Yuri Alexandrovich Shaporin ()  ( – 9 December 1966), PAU, was a Russian-Ukrainian Soviet composer.

Biography
Shaporin was born in Hlukhiv in the Russian Empire (now in Ukraine). His father was a painter and his mother a pianist. He received his secondary education in Saint Petersburg. He first studied philology at Kiev University and went on to study law at Saint Petersburg University.

He then turned to music, starting his studies at the Saint Petersburg Conservatory in 1913. His teachers there included Nikolay Sokolov (composition), Maximilian Steinberg (orchestration), and Nikolai Tcherepnin (conducting). He graduated as a composer and conductor in 1918.

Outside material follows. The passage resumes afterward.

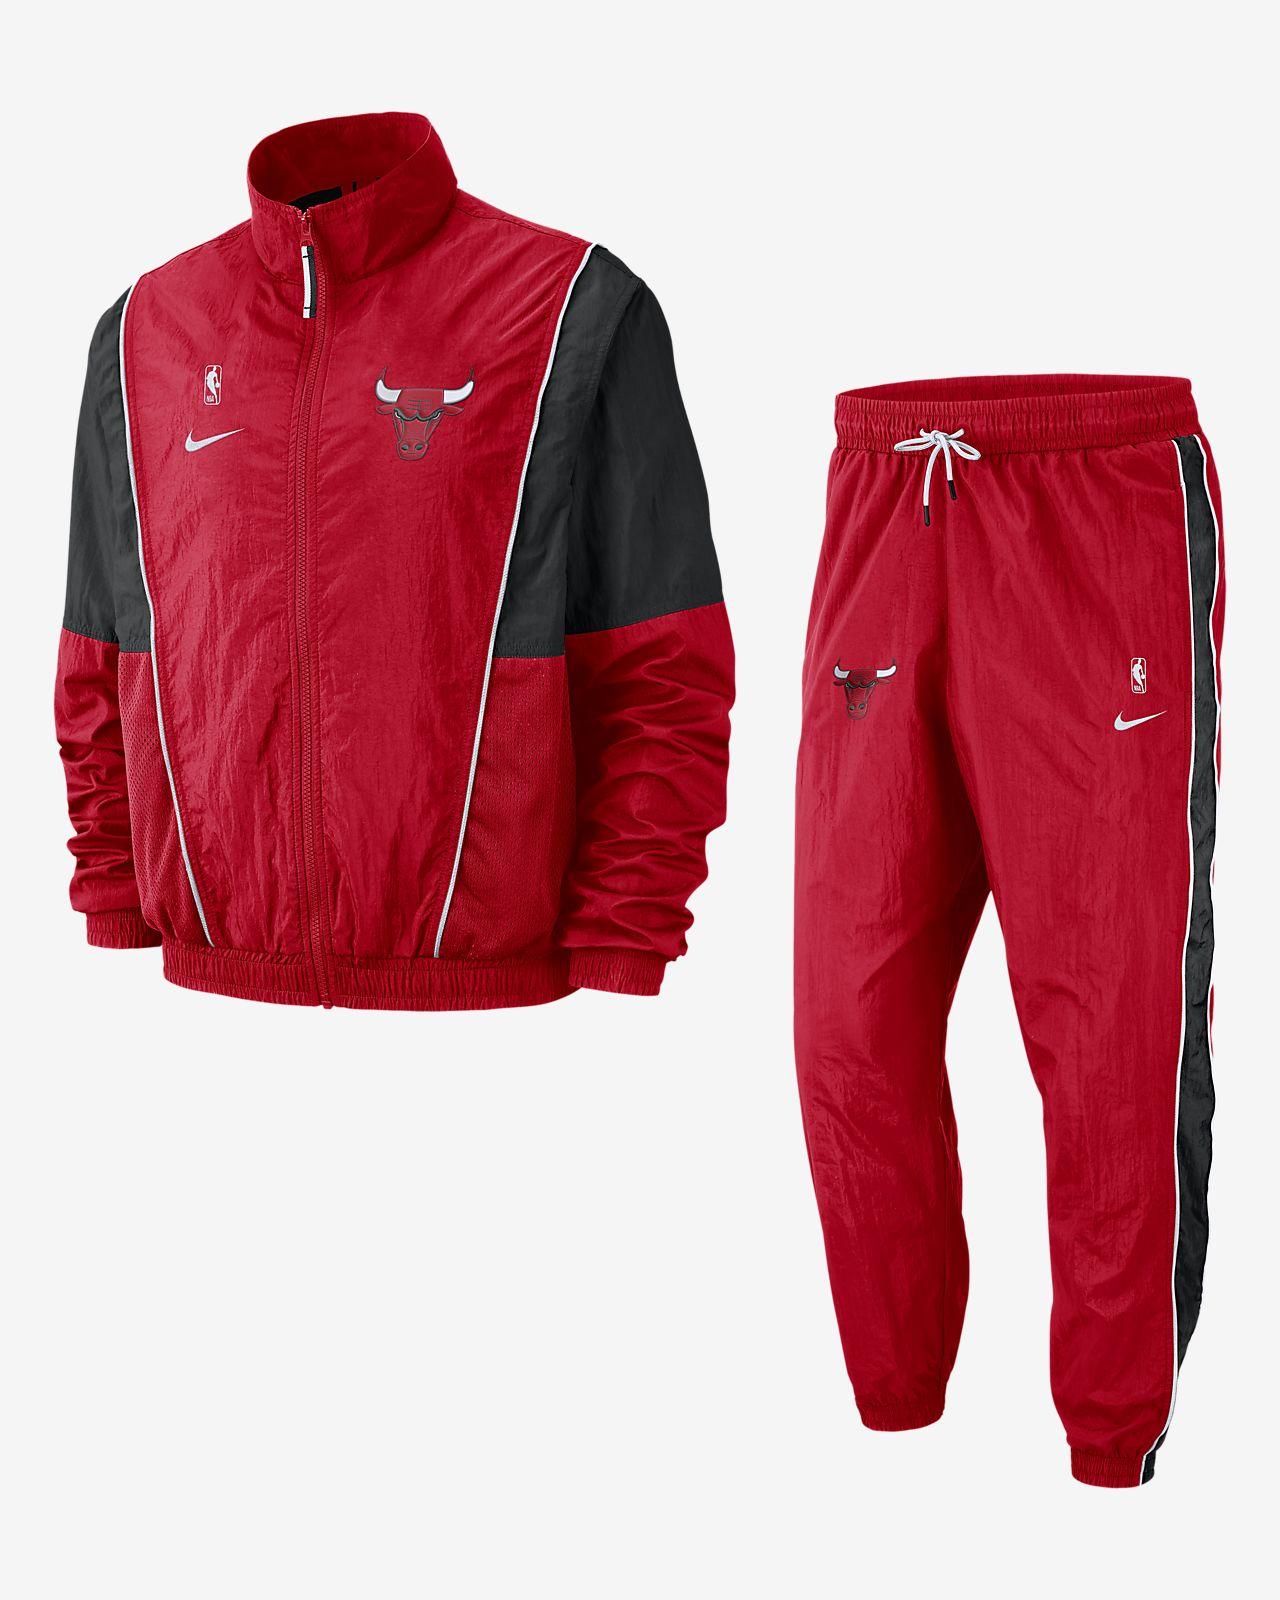 de26a7473f Fato de treino NBA Chicago Bulls Nike para homem. Nike.com PT

After the Bolshoi Drama Theater was established in 1919, he served as its musical director until 1928. He then worked with the Russian State Pushkin Academy Drama Theater — also known as the Alexandrinsky Theater — until 1934. During this period he composed a significant amount of theater music. He was a founding member of the Association for Contemporary Music in 1923.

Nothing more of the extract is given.